Dark Moon Shines

Hand in hand, on the edge of the sand, they danced by the light of the moon-Edward Lear

It was the day after my birthday, September 2nd 2019; the bus was ripping through the mountains to reach Anaikatti. On this trail, for few kilometres phone network gets suspended. At this stretch, I rest my head on the window & count the number of mountains I see; sometimes with music on. Clouds were set for a shower, the silence of the mountains took over the noise of the bus’s engine. It started to drizzle, so I didn’t let music distract my solace with mountains. When the network resumed, I opened YouTube; the first song that appeared was “Nila Kaigirathu” by Sid Sriram; hesitantly I played the song. I got down from the bus, listened to the song as I walked to school. The chords of the song hit straight to the heart & ripped a smile on my face.


I heard it the second time, third time and about 1000th time (No exaggeration). When I hear an unplugged version of a song that I have never heard before, I look for the original version. I searched for it, listened to it on loop and this time the chords hit straight to the heart & to my legs & to my hands & to my eyes. I listened to this song on repeat, all the time. I would sit & dance imagining choreography in my head. As my understanding of Tamizh, is minimal; I looked for the translation of the lyrics.

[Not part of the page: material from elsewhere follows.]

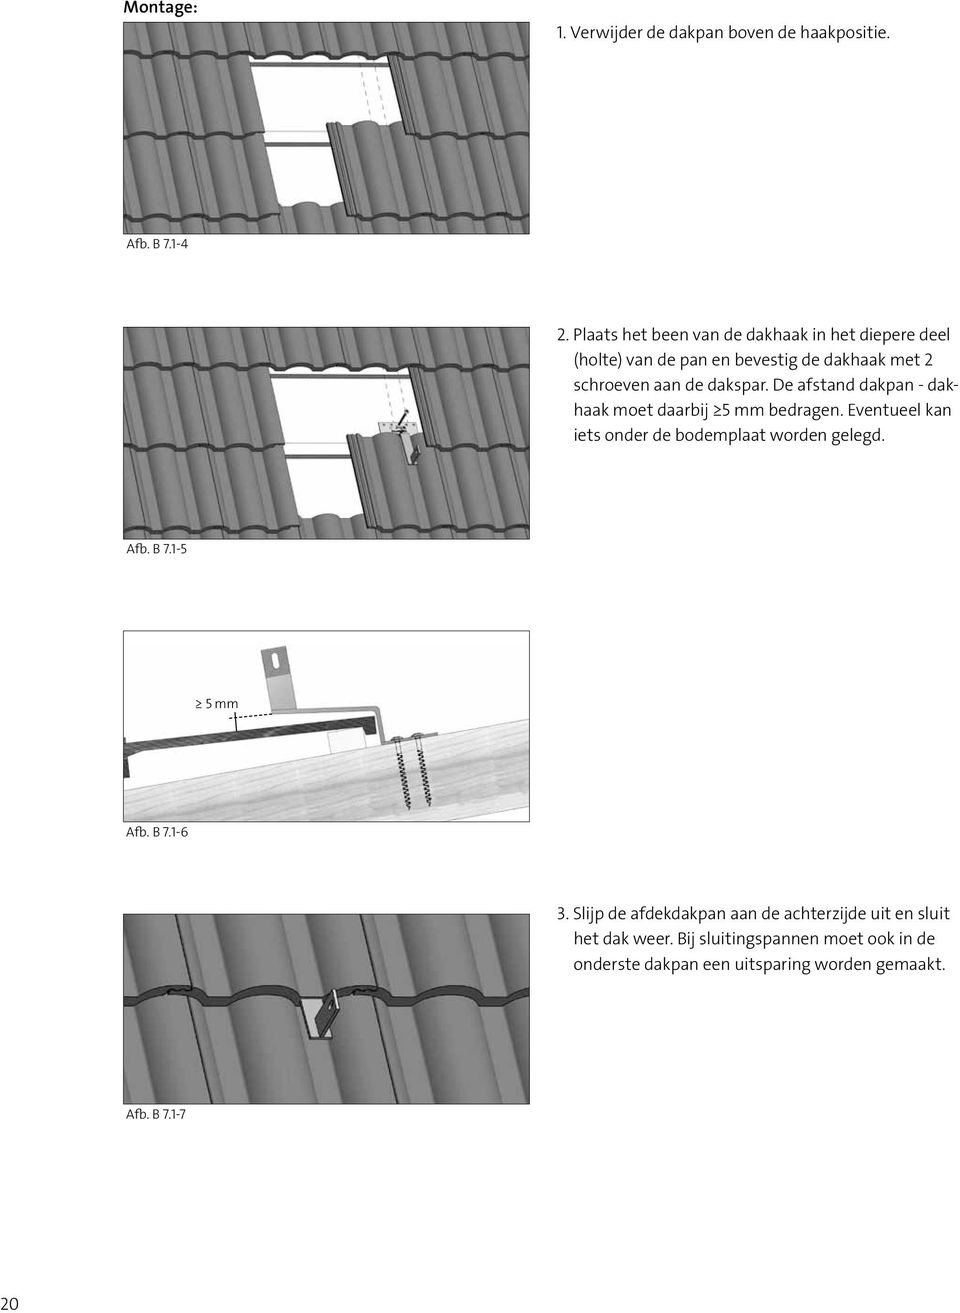 De afstand dakpan - dakhaak moet daarbij 5 mm bedragen. Eventueel kan iets onder de bodemplaat worden gelegd. Afb. B 7.

Not being able to be a dancer is the biggest void in my life, there are days I have spent looking at the mirror-posing as a dancer with drenched eyes. This song, ignited a spark to fill that void.

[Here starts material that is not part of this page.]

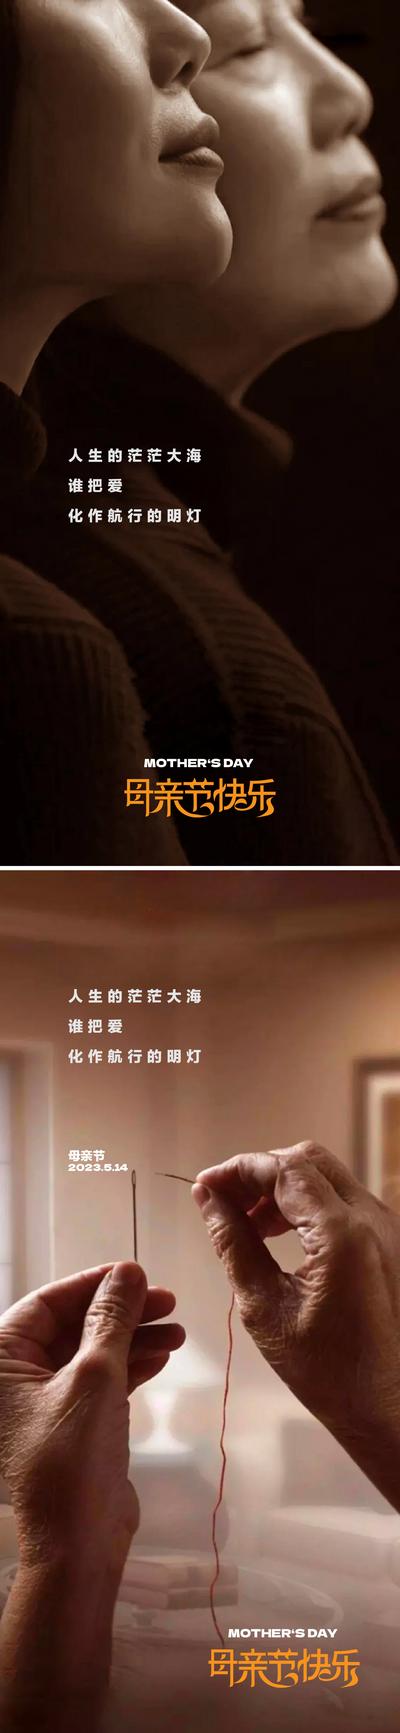 【南门网】广告 海报 节日 母亲节 温馨 系列 呵护

A week later, plans for Children’s Day was setting in. Prema Akka & Vaidehi Akka told me, they have been wanting to do a Dance-Drama for many years. The universe conspired I thought but I had my own self-doubts. I was not sure if I would be able to do justice to the song. I skipped this song, looked for other songs but I was hardly convinced.

As it was for Children’s Day I was looking for a song sung by a child artist and this song happened to be sung by Ms Harini when she was 15 years old. I shared this song with Prema Akka & Vaidehi Akka, they loved it. Every day I would listen to the song, for me to get engulfed in it. As there was a language barrier, I had to prepare myself a lot more than required. Word by word translation is what I needed, all thanks to the internet.

Once I understood the lyrics, the choreography was the next step. I am not a trained dancer, I have learnt Bharatnatyam from a few teachers but it was just to fulfil my void. I lacked the confidence to choreograph or even dance, I watched a few videos of dancers performing for this song; this inspired me. Whenever I had time, I would listen to the song and choreograph steps in my head; be it during lunch or even when I am conversing with someone. The song kept ringing in my head, non-stop!

10 days prior to Children’s Day, we started our practice. I have no dreams to be a performer, neither did I anticipate that I will be performing someday in front of my lovely children.

The first few steps and act was a bit challenging to communicate exactly how I had imagined. The first day was satisfactory but not as much as I expected it to be, I was still under-confident. The second day it all appeared like magic, dance flew through our nerves and showed up on our face.


This song will always remain as a song that let a dancer out of me, a performer out of me, a choreographer out of me, an artist out of me.

There it still rings in my head, “Atho pogindrathu aasai megam…” There it is where it grooves my heartbeats.